Biomedical question answering often requires decisions from retrieved literature whose relevance, quality, and support for candidate answers are uneven. Most retrieval-augmented large language model (LLM) methods feed this literature to the model as flat text, leaving evidence reliability and remaining uncertainty largely implicit. We propose BELIEF, a structured evidence modeling and uncertainty-aware fusion framework for closed-set biomedical question answering. Rather than treating retrieved documents as undifferentiated context, BELIEF converts them into evidence objects that record clinical attributes, source quality, question relevance, support strength, and the associated candidate hypothesis. These evidence objects provide a shared basis for two complementary reasoning paths. The symbolic path constructs reliability-weighted basic probability assignments based on Dempster--Shafer (D-S) theory over a finite answer space and performs uncertainty-aware symbolic evidence fusion to estimate belief and residual uncertainty. The neural path uses the same structured evidence for LLM-based semantic inference, while a reliability-aware arbitration module reconciles the symbolic and neural outputs according to belief strength, uncertainty, evidence reliability, and semantic consistency. Experiments on PubMedQA, MedQA, and MedMCQA with five general-purpose LLM backbones show that BELIEF obtains the best result in 25 of 30 backbone--dataset--metric settings. Comparisons with biomedical-domain models indicate that BELIEF is competitive on MedQA and MedMCQA, while specialized biomedical pretraining remains advantageous on PubMedQA. Ablation, complementarity, uncertainty-stratified, and cost analyses further show that BELIEF improves retrieved-evidence utilization by making evidence structure, path disagreement, and decision uncertainty explicit.

Editorial analysis

A structured set of objections, weighed in public.

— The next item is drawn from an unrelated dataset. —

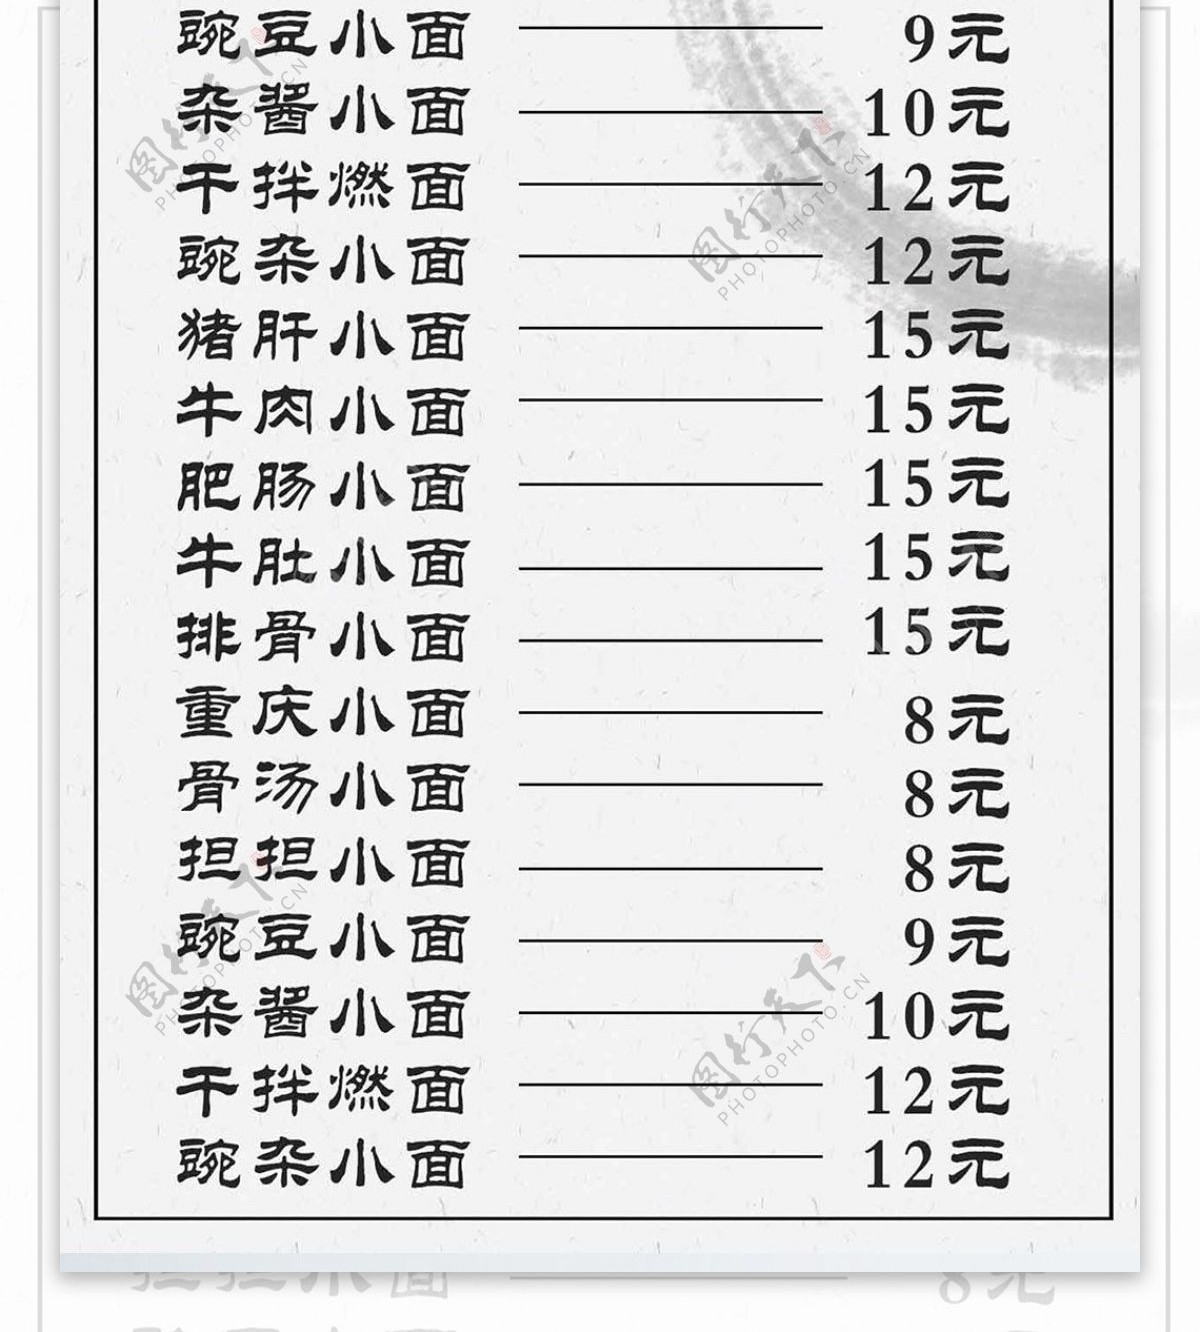 白色简约中国风重庆小面菜谱设计

Desk editor's note, referee report, simulated authors' rebuttal, and a circularity audit. Tearing a paper down is the easy half of reading it; the pith above is the substance, this is the friction.

Referee Report

2 major / 2 minor

Summary. The manuscript presents BELIEF, a structured evidence modeling and uncertainty-aware fusion framework for closed-set biomedical question answering. Retrieved documents are converted into evidence objects recording clinical attributes, source quality, relevance, support strength, and candidate hypothesis. These support a symbolic path using Dempster-Shafer theory for belief and uncertainty estimation, and a neural path with LLM semantic inference. An arbitration module reconciles the two based on belief, uncertainty, reliability, and consistency. Empirical results on PubMedQA, MedQA, and MedMCQA with five LLMs show superiority in 25 of 30 settings, with ablations and analyses supporting improved evidence utilization.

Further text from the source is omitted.